Biostar GeForce 7900 GT 256MB Review

By Vince Freeman July 25, 2006

Introduction

The high-end of the video card market is usually where hardware enthusiasts go for their performance fix, seemingly with very little budgetary restraint. Obviously, cost does enter into the equation, but when you're paying over $450 for a GeForce 7900 GTX or Radeon X1900 XTX, or even upwards of $600 for a GeForce 7950 GX2, performance is certainly the determining factor. The NVIDIA GeForce 7900 GT offers a slightly different take on the high-end video card, and while it can certainly pump out the framerates, its sub-$300 price tag is a bit easier to swallow. This combination of performance and value is rare to find in the high-end segment, and as such, the GeForce 7900 GT is a very popular model.

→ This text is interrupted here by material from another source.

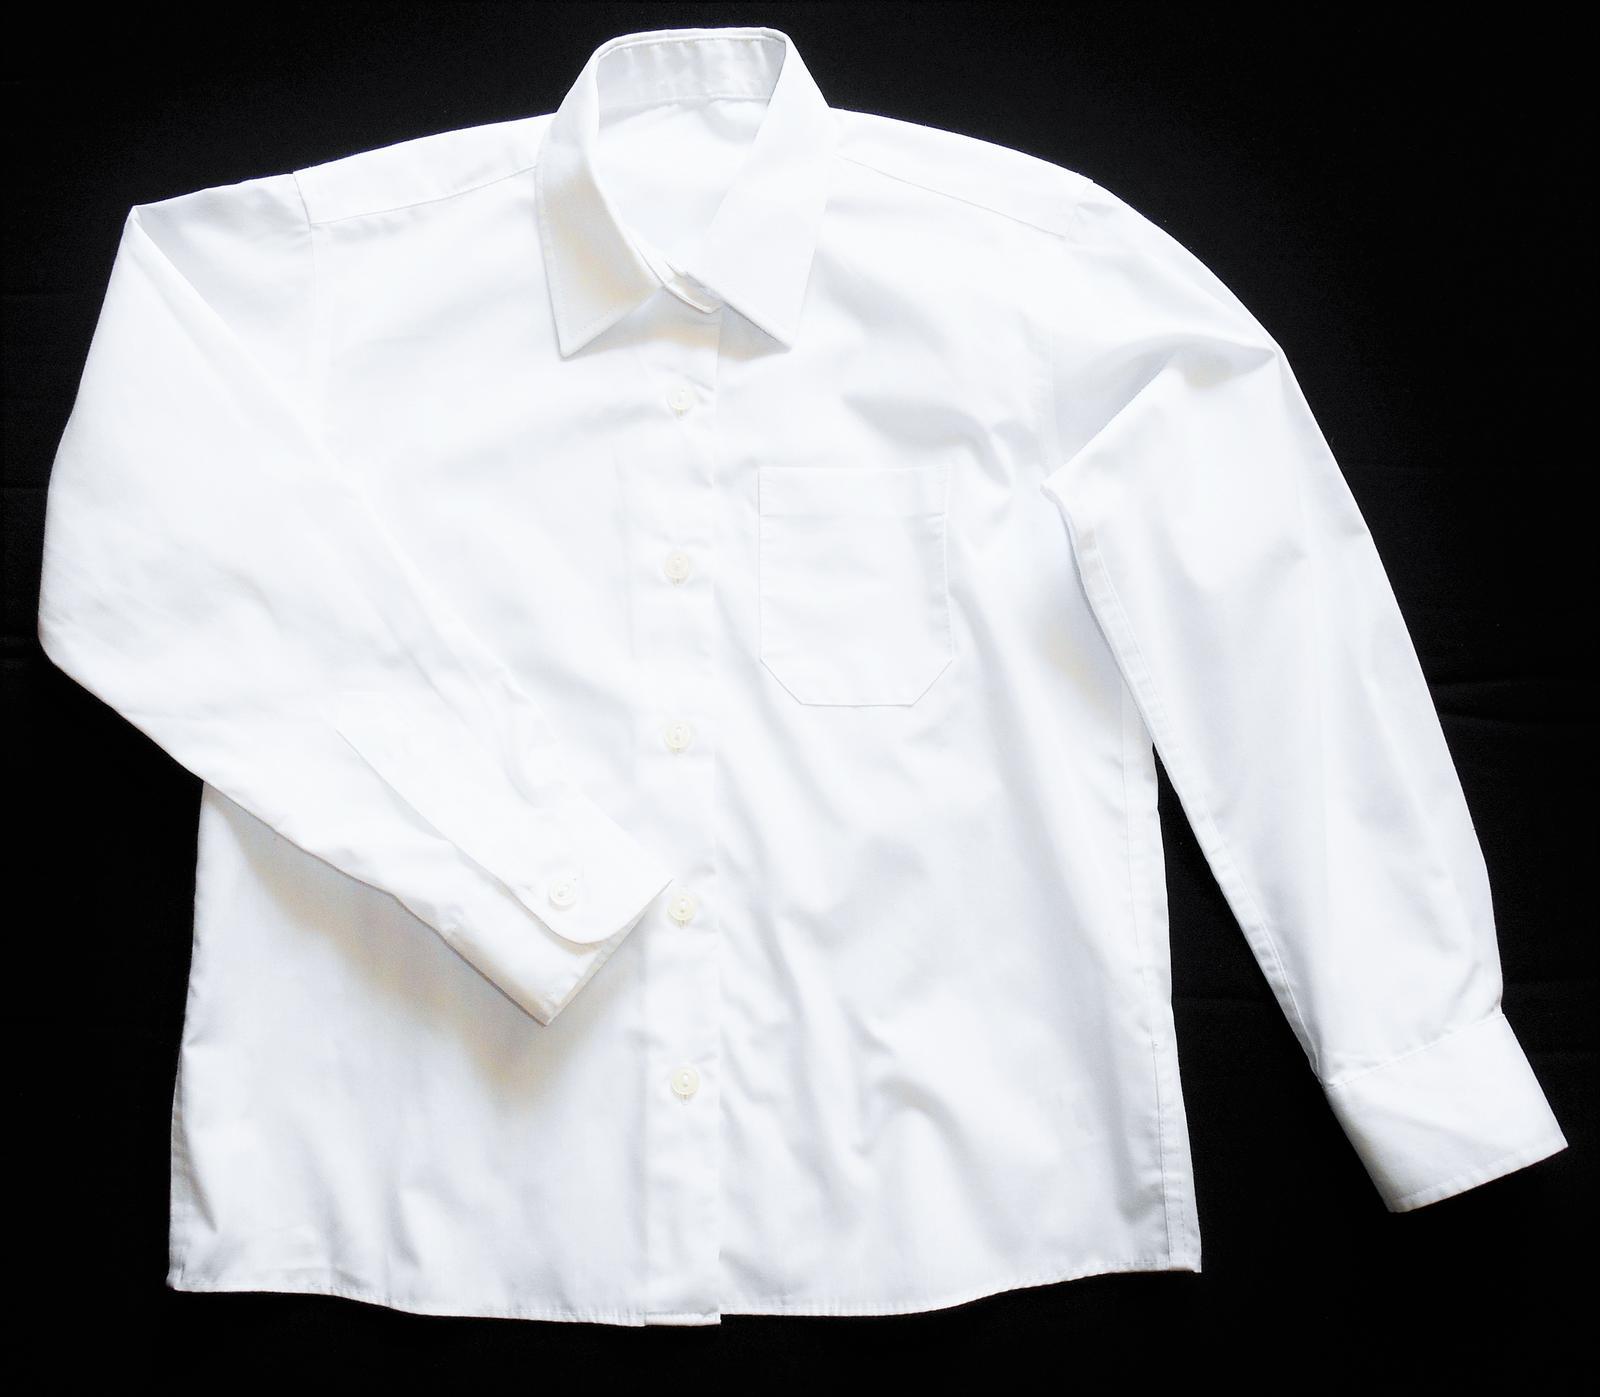 košeľa Marks&Spencer na 8 rokov - Obrázok č. 1

Biostar provides a full line of NVIDIA-based video cards, from top to bottom, and has become a key NVIDIA graphics supplier. Biostar's core values are to provide excellent customer service, high quality products, flexibility in meeting their customers' needs and offering aggressive pricing. In this review, we are checking out the Biostar GeForce 7900 GT 256MB card, and seeing exactly how it ranks against a set of comparable mainstream and high-end alternatives.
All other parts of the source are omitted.